- I started having nagging shoulder pain in Jan of 2009; at this time, I was working on my clean + jerk a fair amount, and also working on my handstand pushups, and muscleups.
- From memory, there's no specific acute incident that I can recall that triggered anything; I roughly remember bailing on a few muscleups, but that's it.
- I had been doing Crossfit since Nov 2007, pain free.
- A potential subluxation/dislocation to my left shoulder happened around Sept of 2007 during Tae Kwon Do, resulting in pain overhead for about two weeks.
- Since Jan, I have had: Chiropractic adjustments, physio, massage, and ART with no relief. I adhere to an anti-inflammtory diet, threw copious amounts of NSAIDs at it around April/May, take fish oil religiously, and putting ice directly on my skin no longer bothers me.
- I have had an ultrasound, multiple xrays, and a contrast MRI.
- Anything overhead, where the angle of my acromion and clavicle (AC joint) is "closed" (arm straight up) causes pain. Pushing movements away from me cause pain in the anterior delt region. Pain during a WOD is tolerable, next day pain blows chucks, and is cumulative.
Official Diagnosis (80% official, but I'll get to that in a sec): Bursitis secondary to glenohumeral ligament laxity causing shoulder instability.
English: The ligaments holding my shoulder in place are loose, and the "bursa", or fluid filled sac that cushions the joint, is irritated. Pissed. Steaming mad at Mike for letting it get all inflamed and shit.
So, everything as far as diagnostic imaging has been clear, with the exception of my xrays. They showed osteolysis of my distal clavical---damage to the end of my collarbone where it had been bashing into my acromion during overhead movements.
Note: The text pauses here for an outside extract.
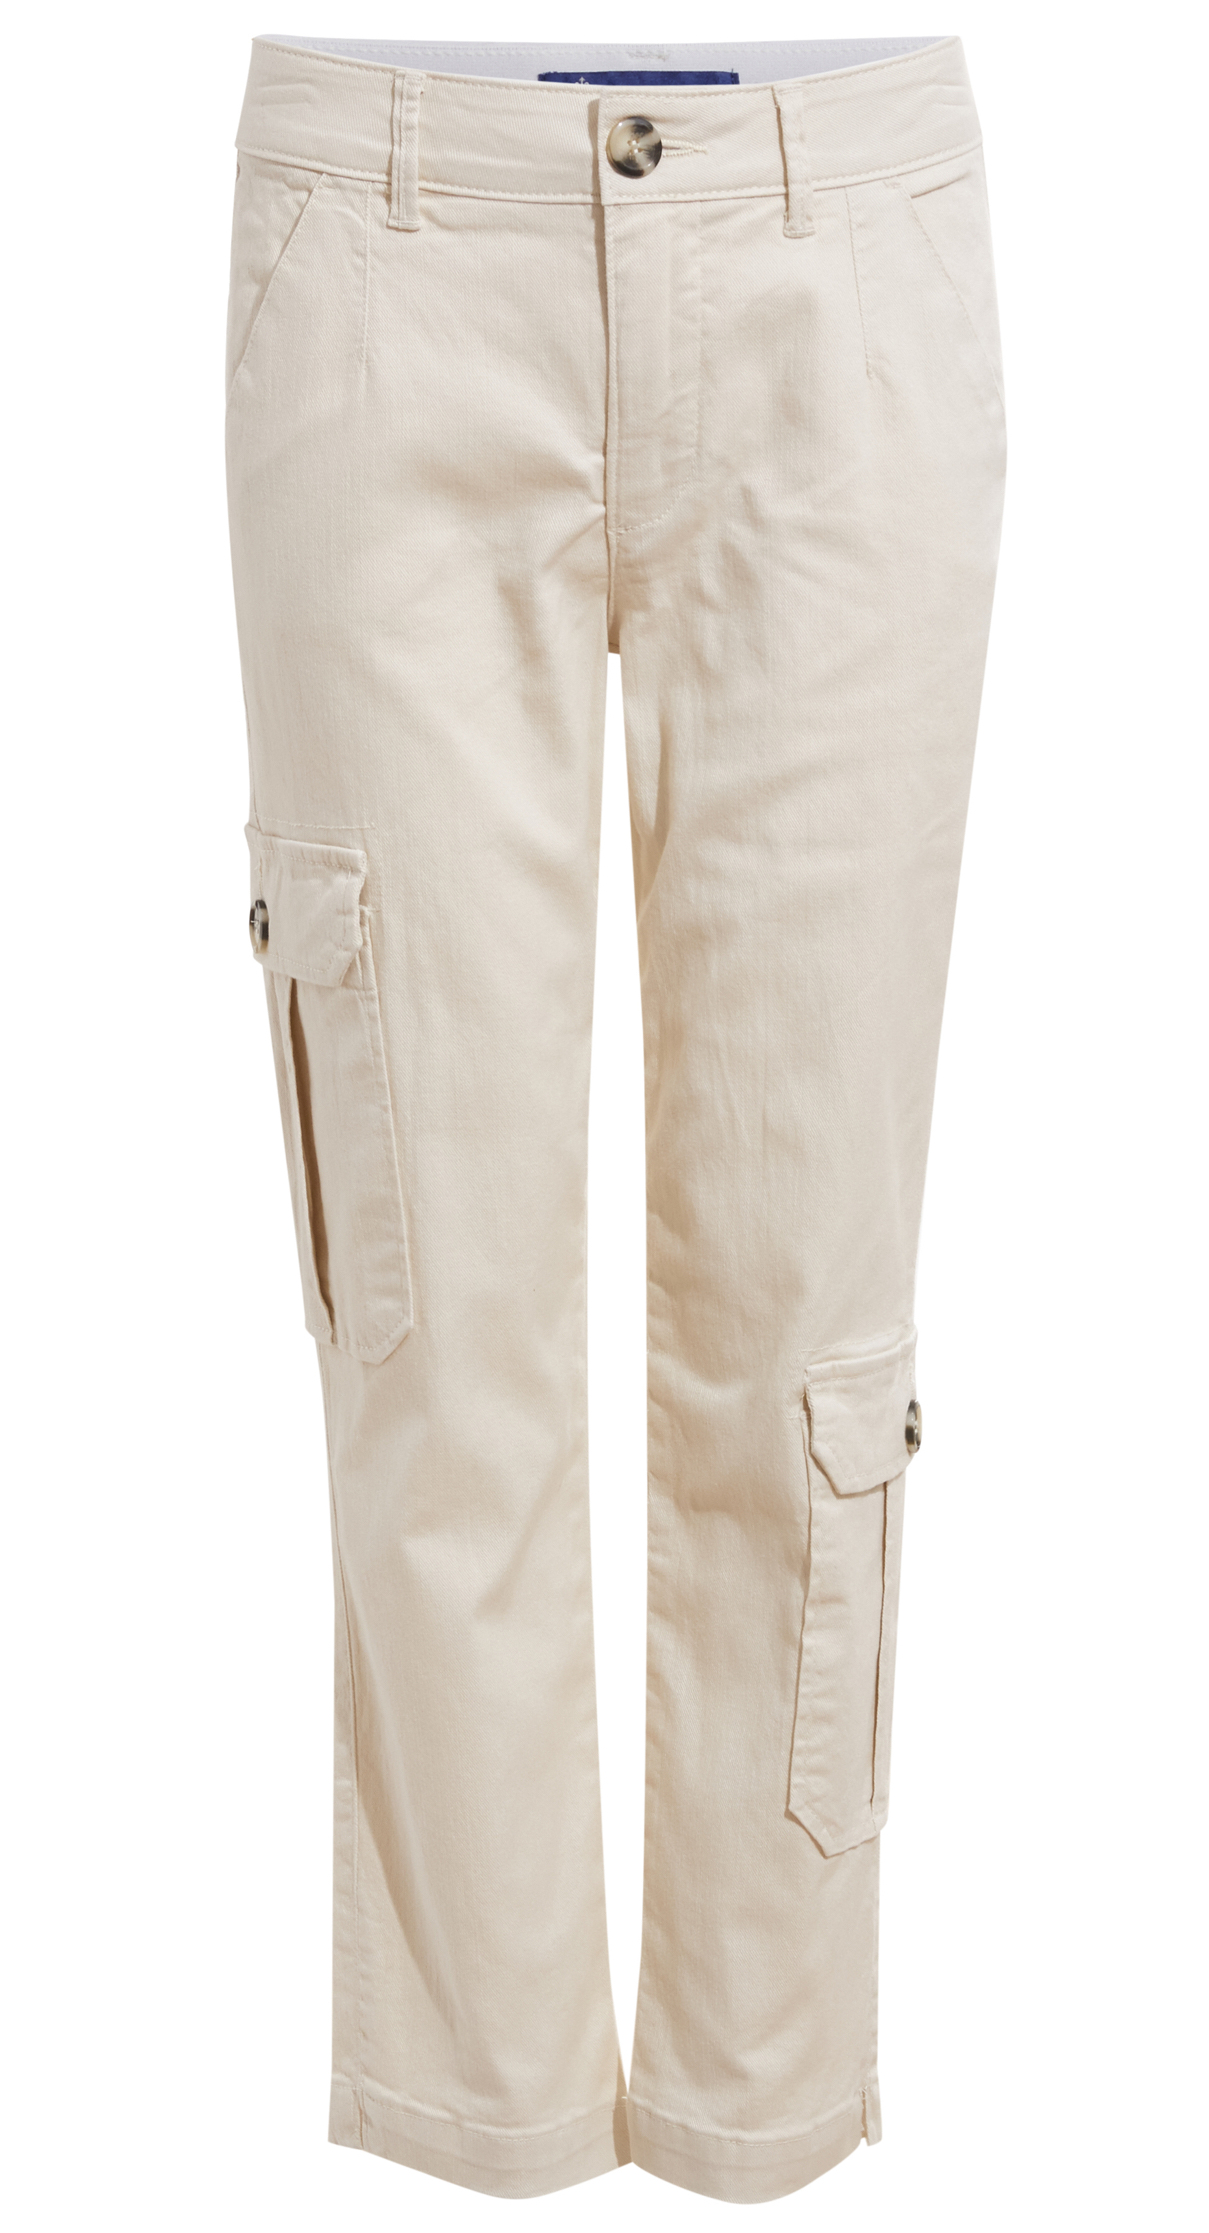 Democracy High Rise Trouser with Patch Pockets
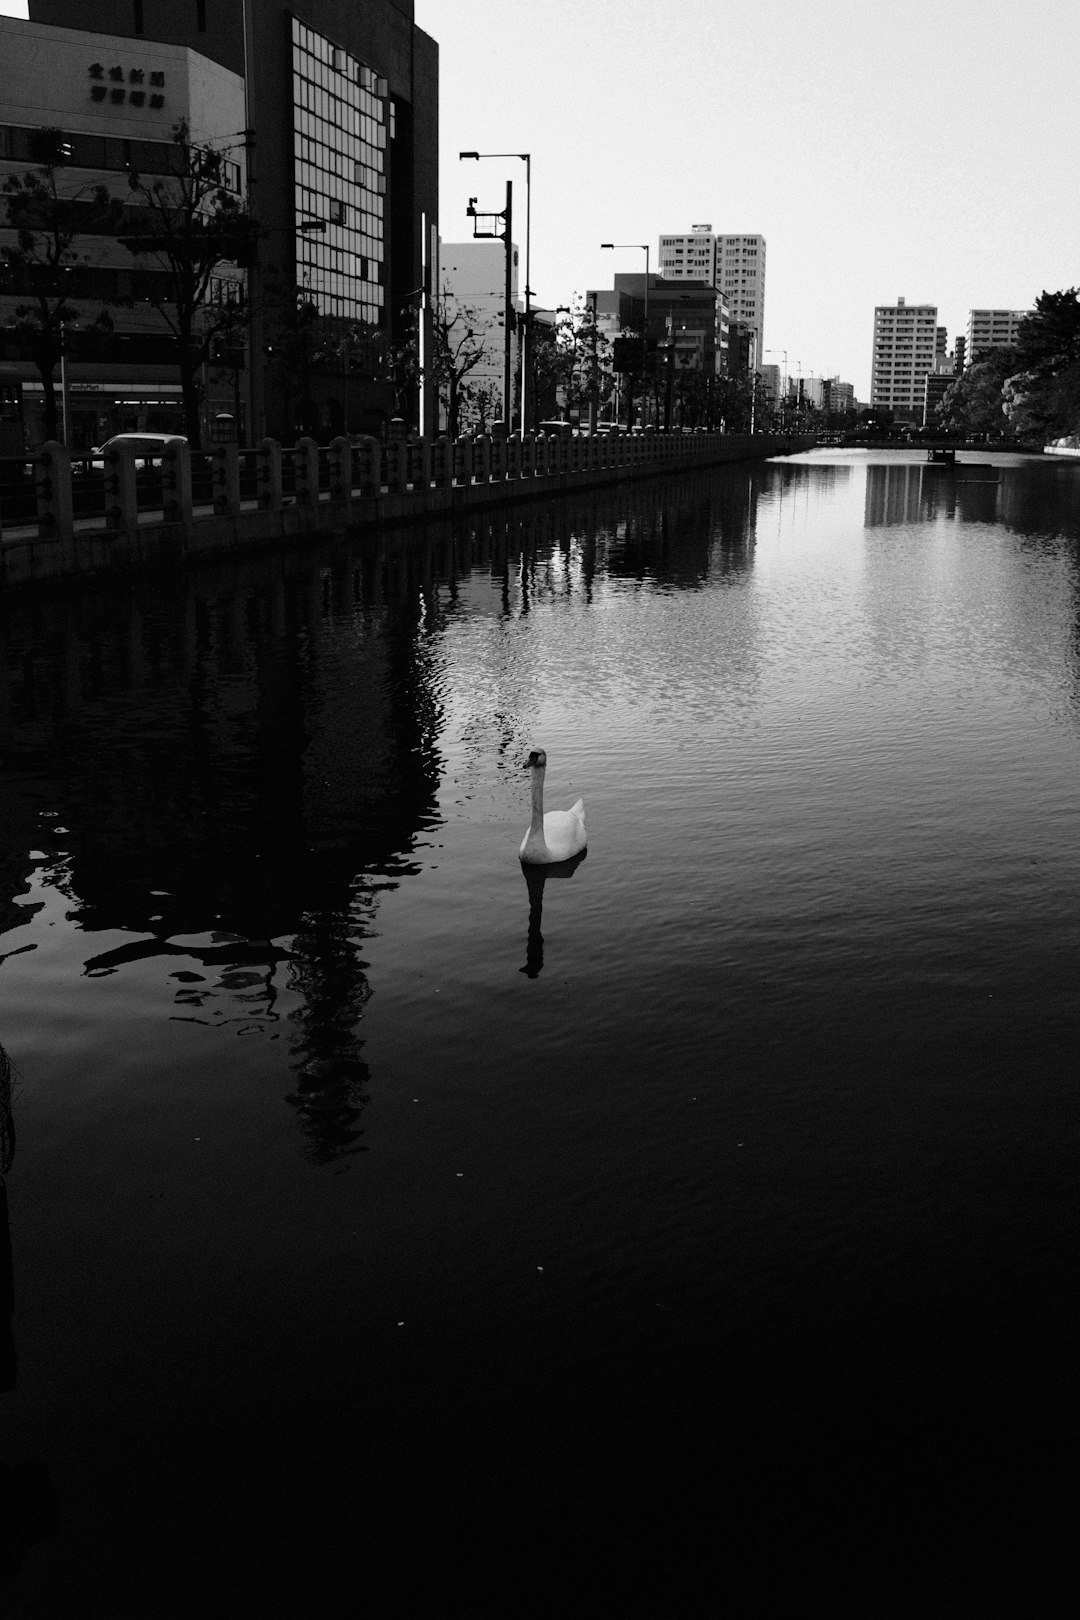 white swan on water near building during daytime

Ultrasound of my rotator cuffs was fine, MRI was "clear"---but Kwan stated that even a contrast MRI is only 80% accurate, and I could still have a labral tear or bicep tendon issue. Bah, wtf.
So, the plan is this: He wants me diligently working on strengthening my rotator cuffs with various mobility drills using light weight. Like, 5 lbs weight. Everyday, for the next 30 days. Supposedly, this will "tighten" up the joint and stabilize it. I didn't bother explaining that I have a mile long list of rotator cuff exercises that Cory gave me, mobility and thera-band drills that Brian gave me, and specific stretches, both static and dynamic, that Chad gave me, and that I do this at home, while reading, while at work, during warmup, during cooldown, etc etc etc. Nor did I explain I can still do over 40 kiping pullups, bust out 3 strict chins with 90#, and put 185# over my head. I'm pretty fucking sure my rotator cuffs are fine. Nor did I point out the ultrasound was clear on those, also. I just asked "ok, and after that?"
After 30 days, if there's still pain, he wants to inject cortisone, an anti-inflammatory drug, into the bursa. My displeasure must have been obvious, because he explained that this would be more diagnostic than anything. I'm not worried about the procedure, but it's a band-aid solution versus treating the cause, even if it is diagnostic. All it'll do is remove the inflammation, I'll feel better, I'll start hitting WODs, and shit will get inflamed again. Not to mention the increasing the risks of actual tendon rupture with cortisone. But he's the surgeon. Not me.
AFTER that, he would do an arthroscope to take a look inside the actual joint itself. At this point, if I could do that myself, I would. In the year I've had to dwell on my ongoing injury, I've had a fair amount of time to investigate various cases of acute and non-acute shoulder injuries; needless to say, I think the 80% rate of MRI success is bullshit, and going by how "smoothly" my contrast went, I'd say there's more going on than what the picture shows.
I understand why he's being methodical, and I understand I still have a very high degree of function compared to other injured folks, but christ, I just want this damn shoulder fixed. A resection of the ligaments is a major, MAJOR deal, and I honestly DON'T know if I want to go there. But a scope would be SO damn definitive for imaging, even if it is invasive---but it could find a spur, a tendon tear, a torn labrum instantly. Before a ligament resection, though, there's other fixes---like clavicular resection, where they make more space for the bursa and tendons to move so they don't get pinched. But he's the surgeon. Not me.
For now, I'll comply with the Doc's orders, 100%. I start physio again, based on the tentative diagnosis, and aim treatments around that. I'll throw the fucking kitchen sink at it, and I'll keep doing what I'm doing.